# [Exercise data]
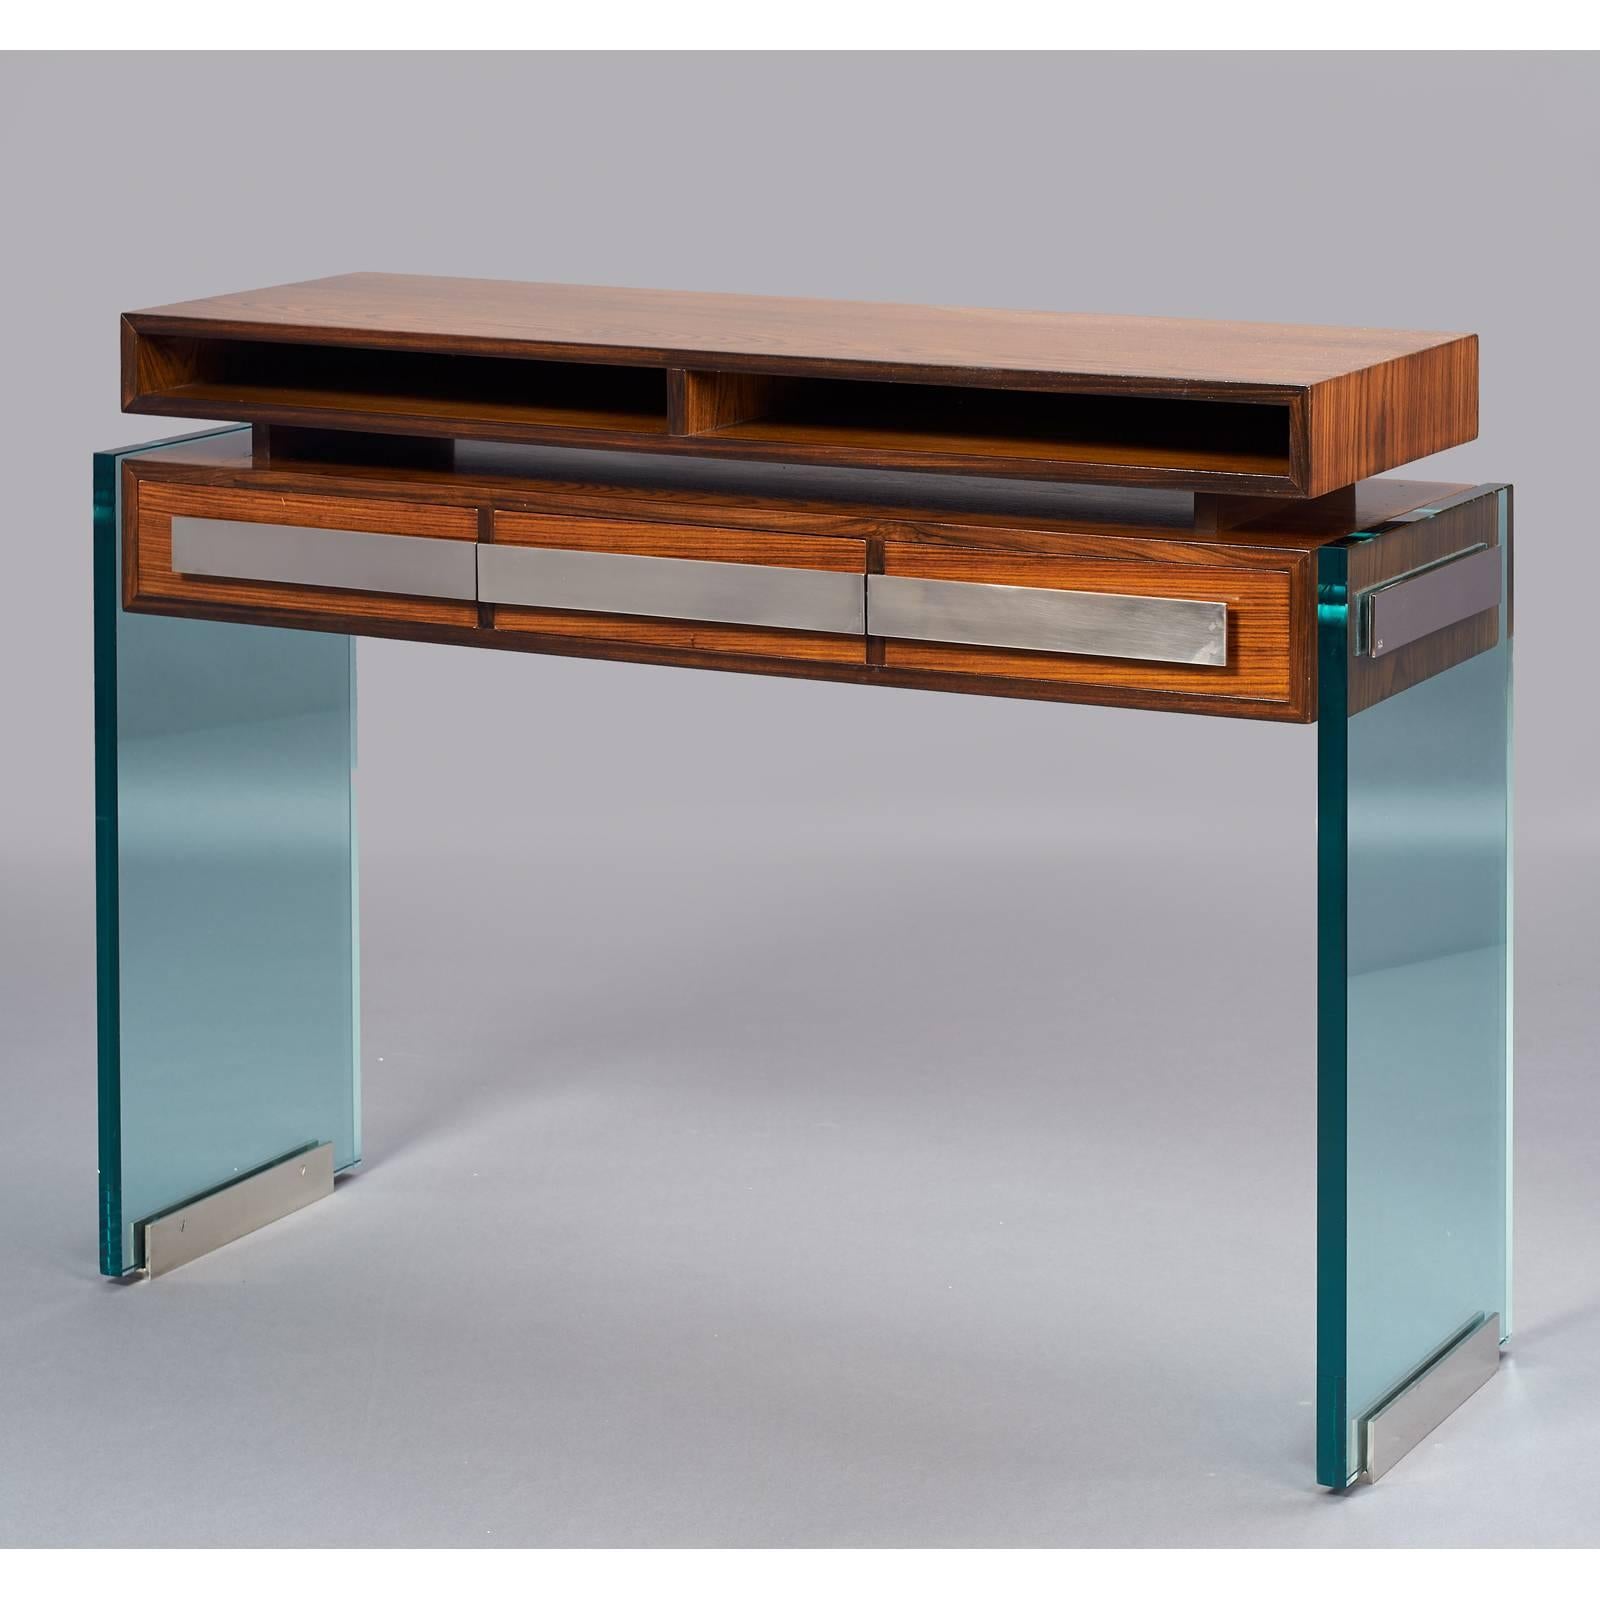 Roberto Rida (b. 1943).
A modernist console table in polished wood, raised on massive glass legs with nickeled bronze drawer pulls and mounts. Three drawers below, two storage niches above. Finished on all sides, may be used floating. Unique piece.
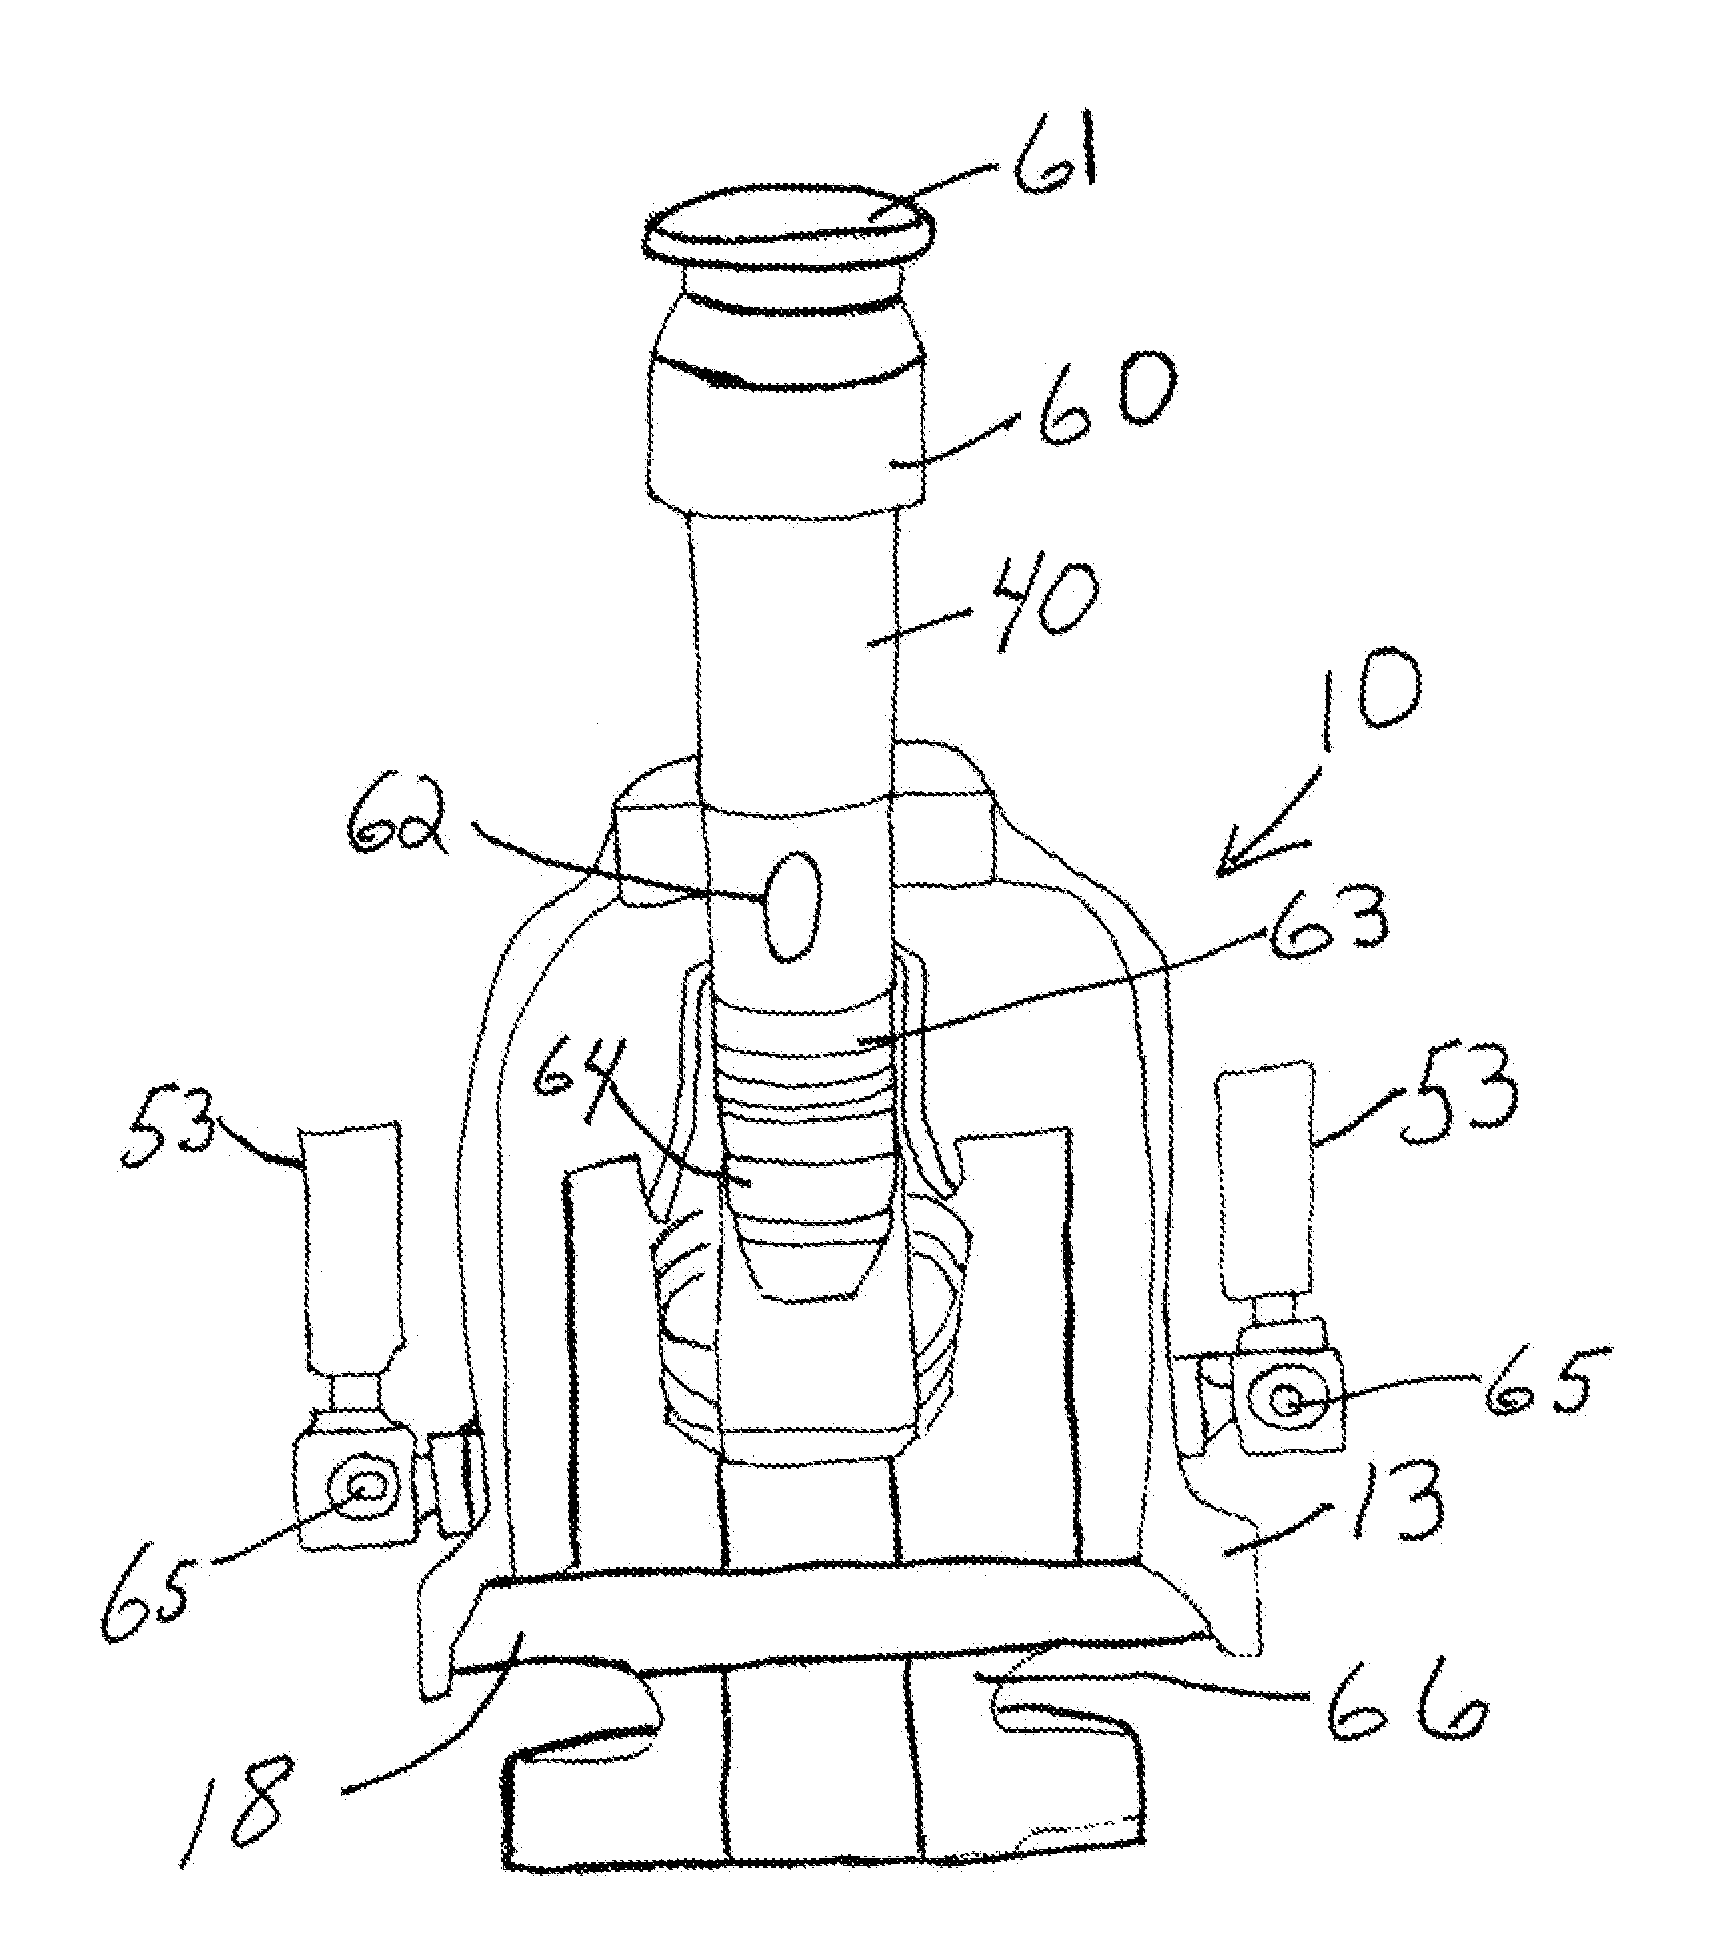 Apparatus and method for isolating and securing an underwater oil wellhead and blowout preventer
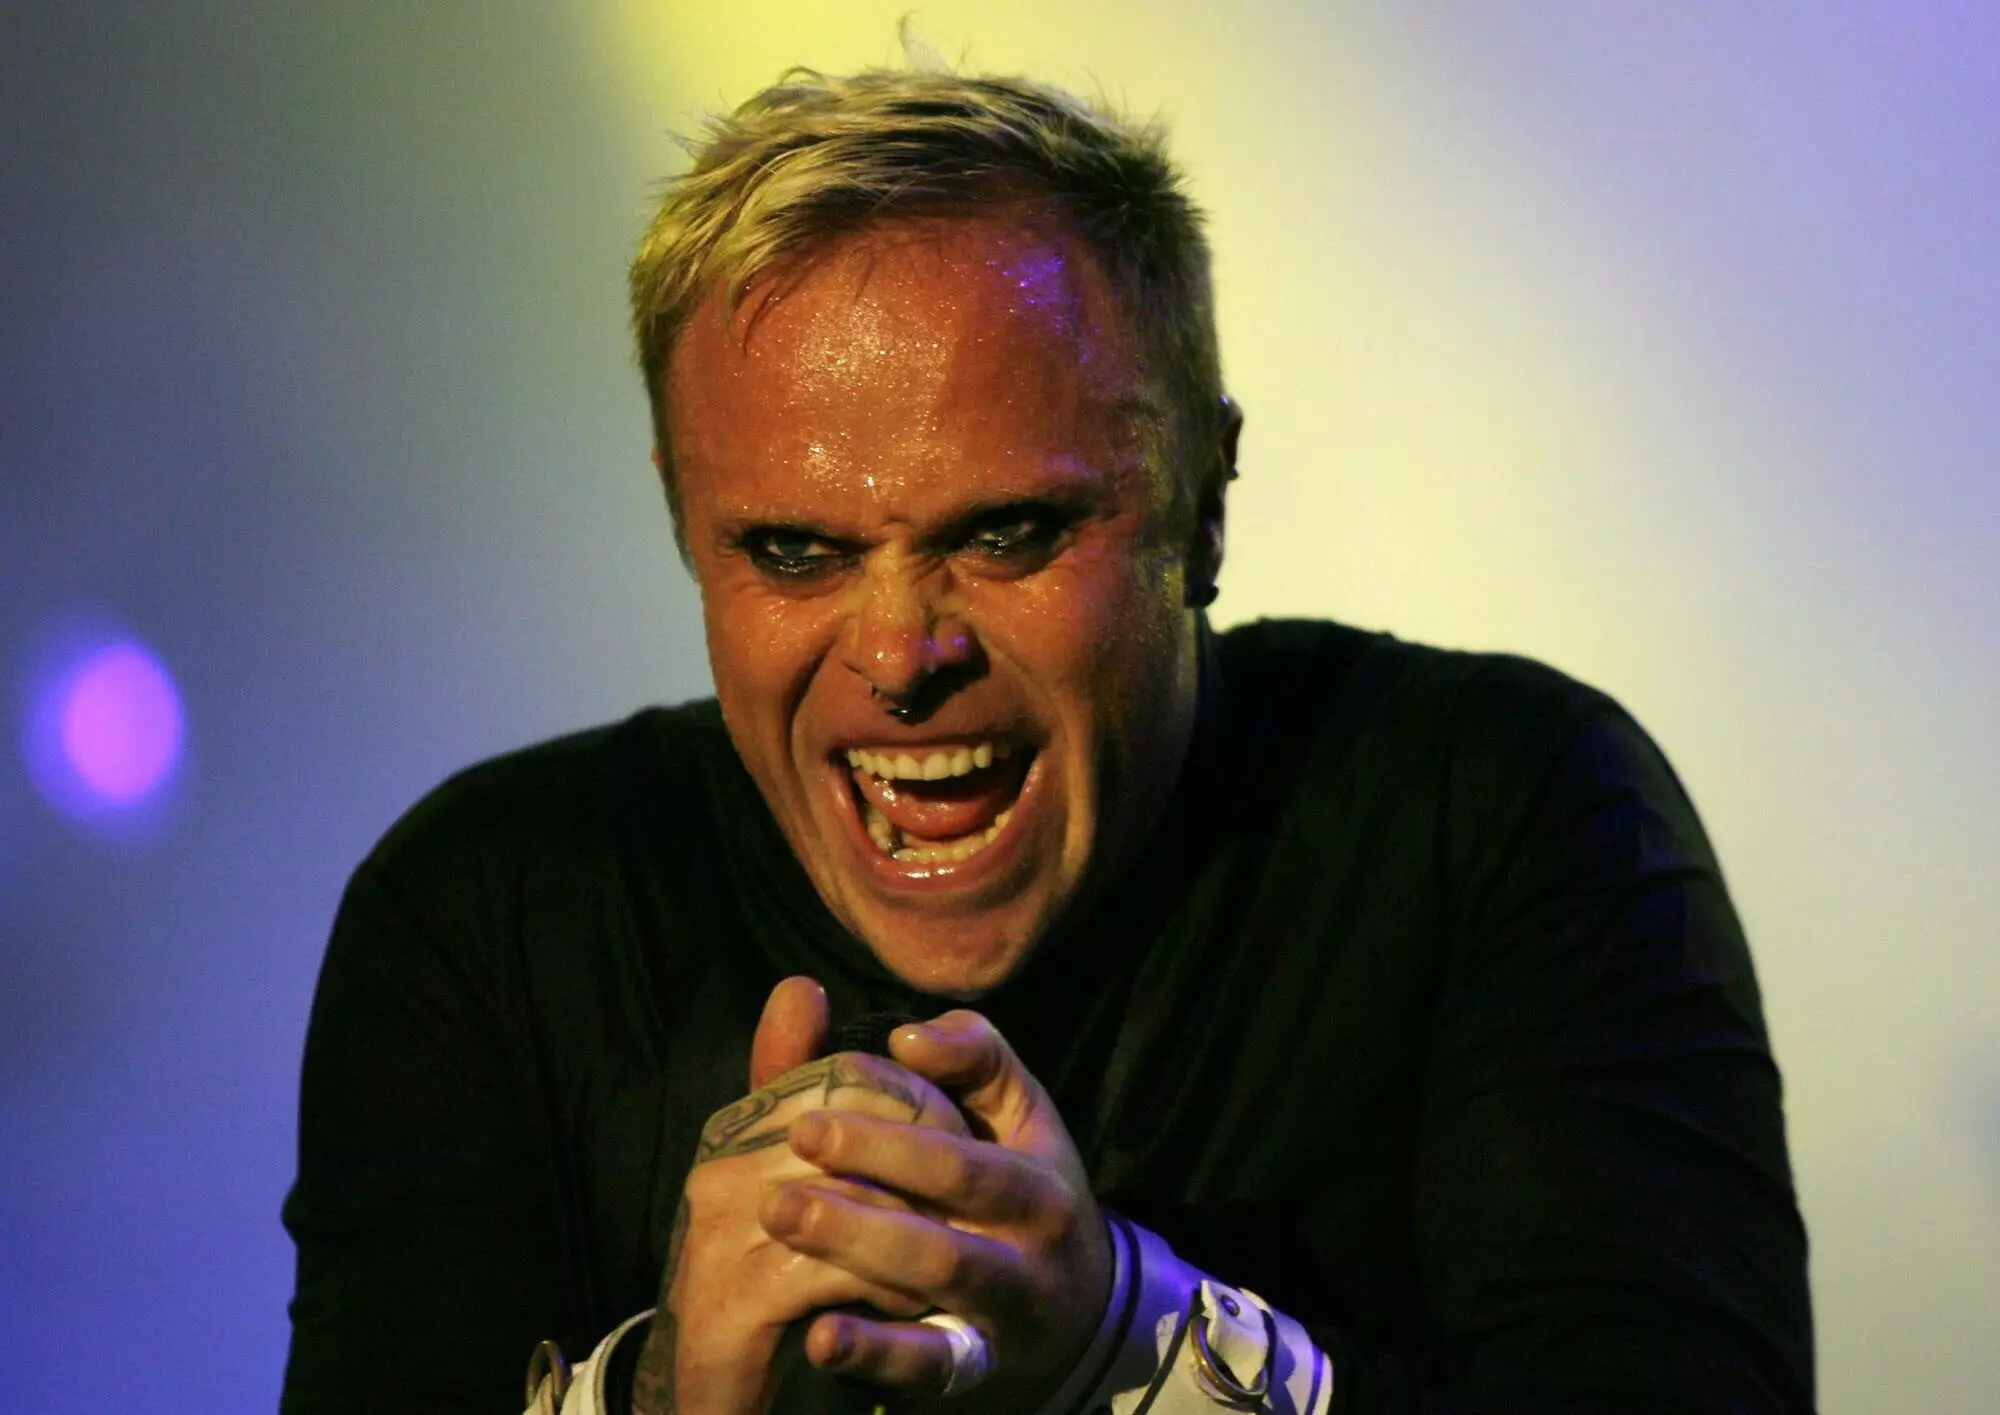 Keith Flint on stage.

# [What this task involves]
A verbatim copy is needed of the lines running from the line with "A modernist console" to the end of the data above, both included. Keep the pictures out of it.

# [Result]
A modernist console table in polished wood, raised on massive glass legs with nickeled bronze drawer pulls and mounts. Three drawers below, two storage niches above. Finished on all sides, may be used floating. Unique piece.
 Apparatus and method for isolating and securing an underwater oil wellhead and blowout preventer
 Keith Flint on stage.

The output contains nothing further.